WORK REQUIRED: Each line of the listing must be transcribed exactly, except for the images, which should be excluded.

SOURCE DATA:
= Beginning of Section =

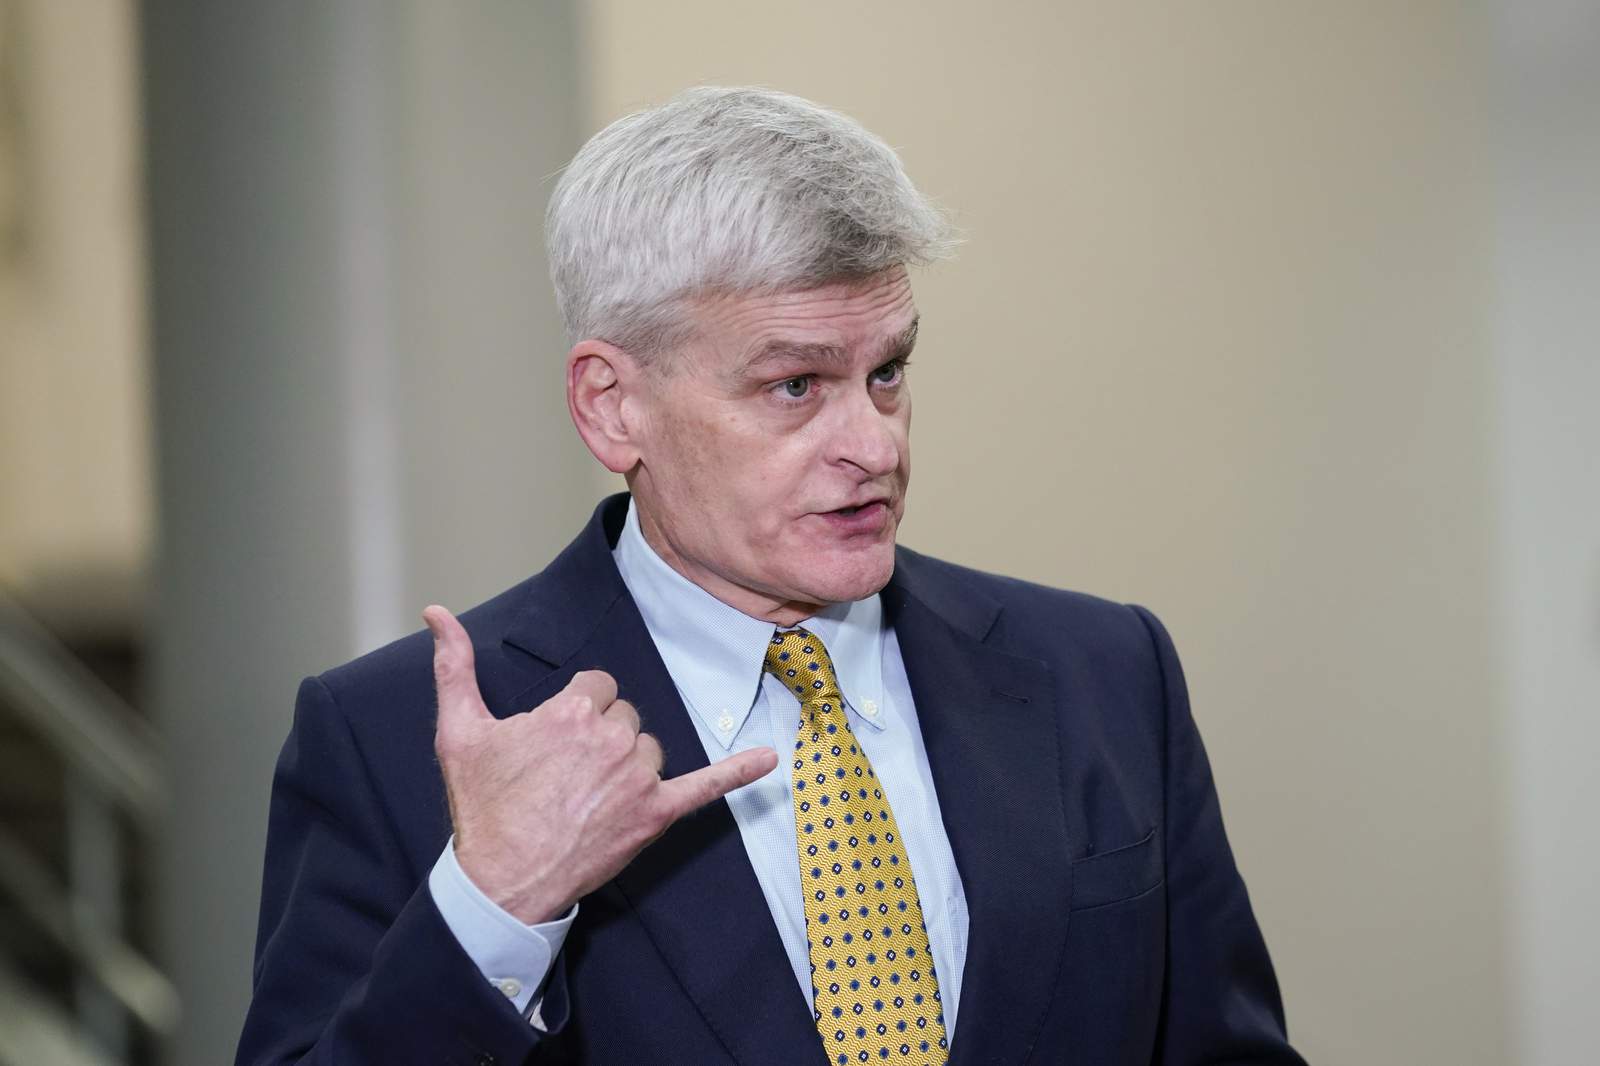 Despite GOP outcry, Cassidy 'at peace' with impeachment vote
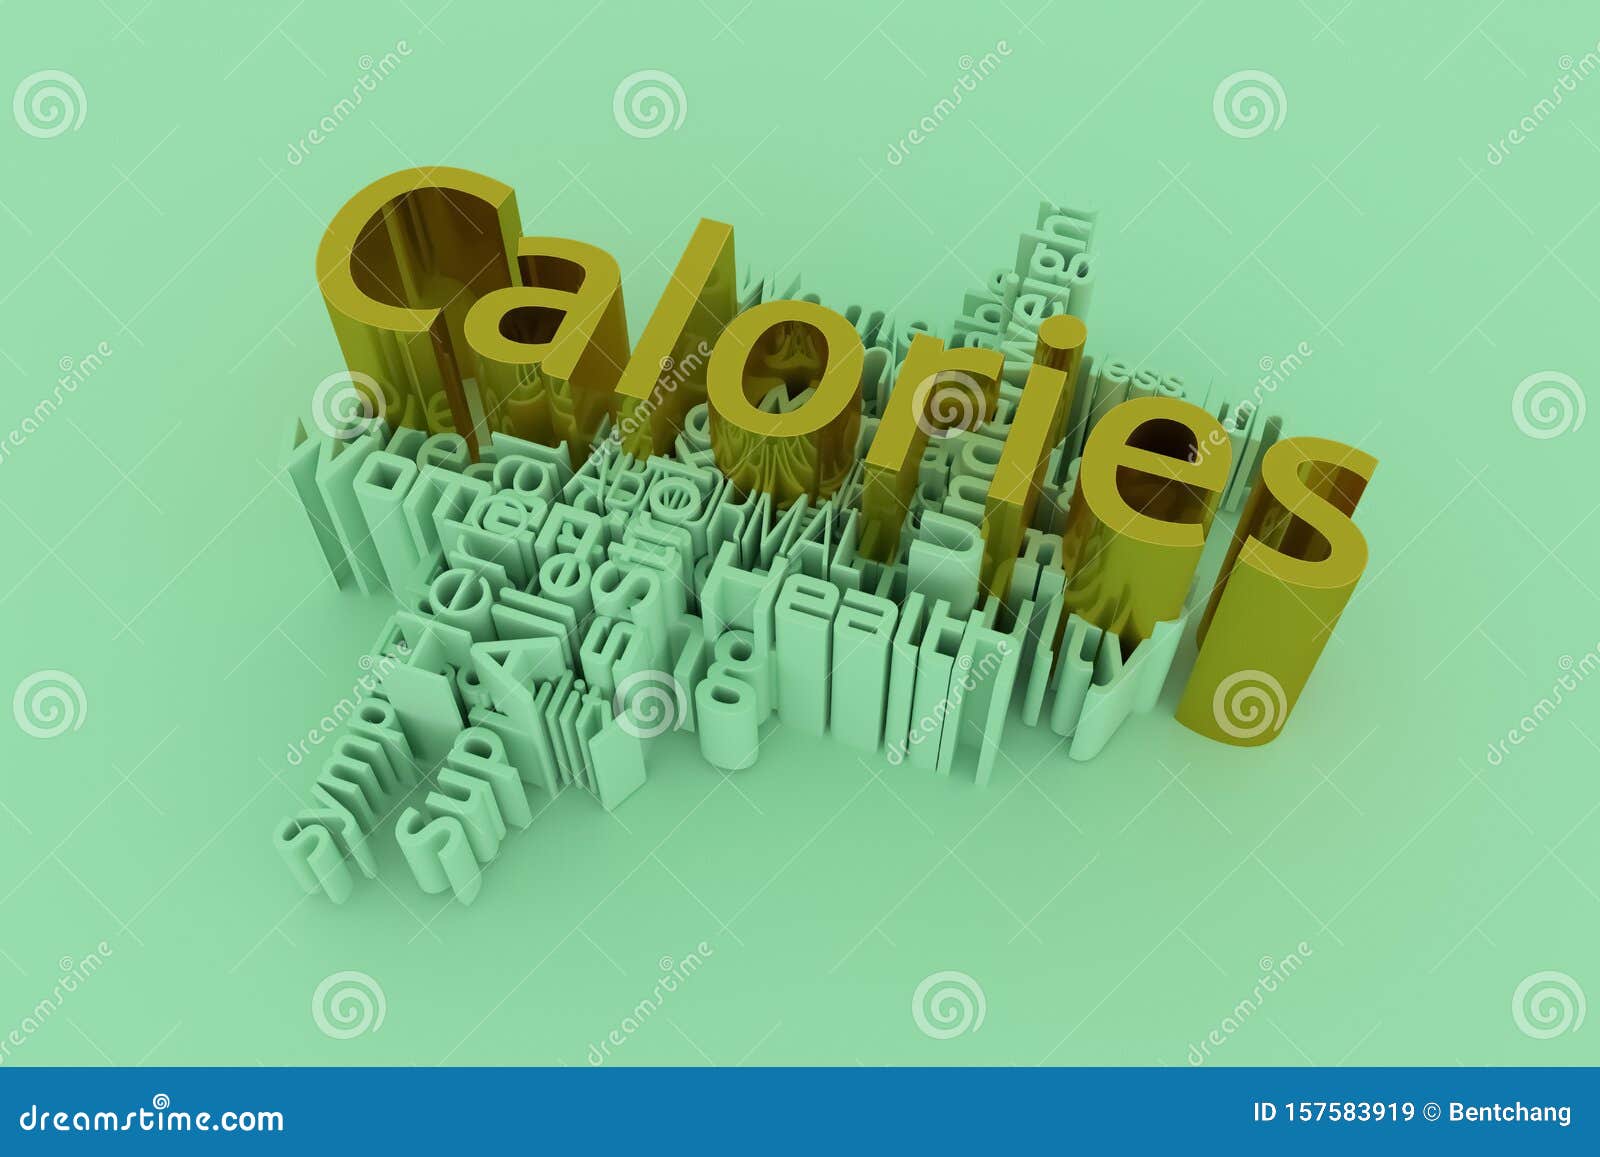 calories, health, lifestyle keyword words cloud. for graphic , texture or background. 3d rendering.
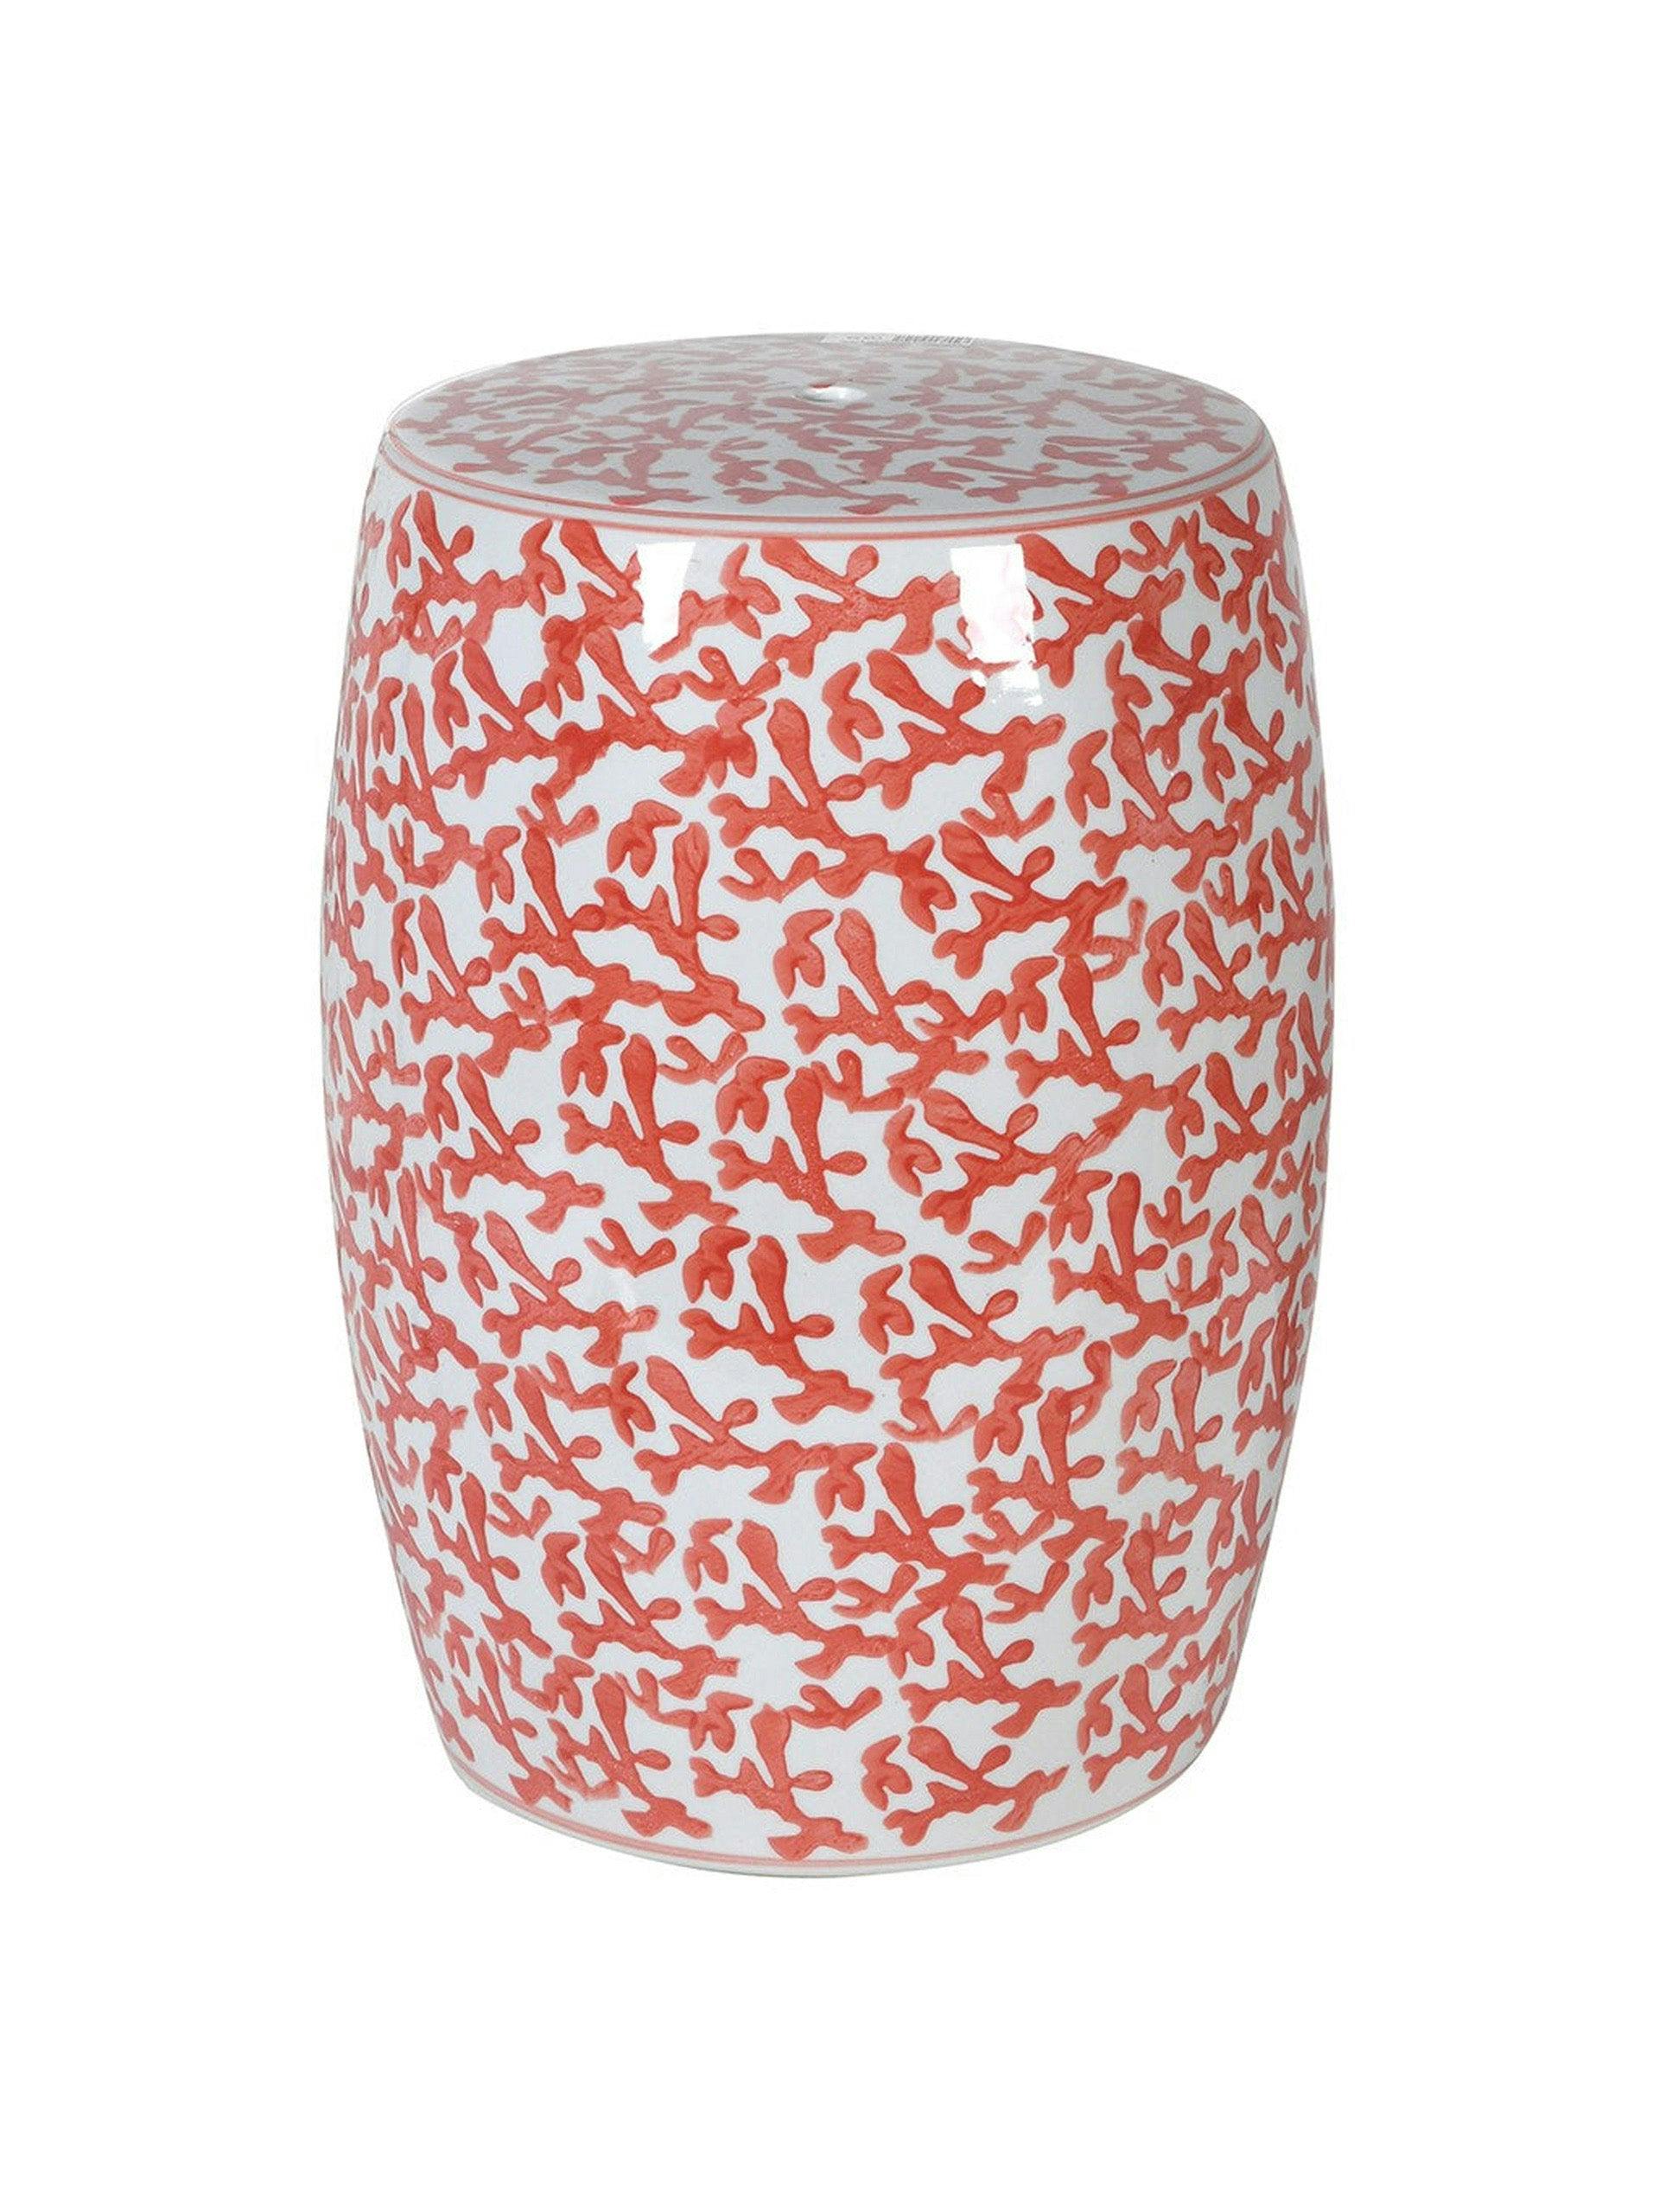 Sienna porcelain stool with hand painted detail

= End of Section =

RESULT OF THIS TASK:
 Despite GOP outcry, Cassidy 'at peace' with impeachment vote
 calories, health, lifestyle keyword words cloud. for graphic , texture or background. 3d rendering.
 Sienna porcelain stool with hand painted detail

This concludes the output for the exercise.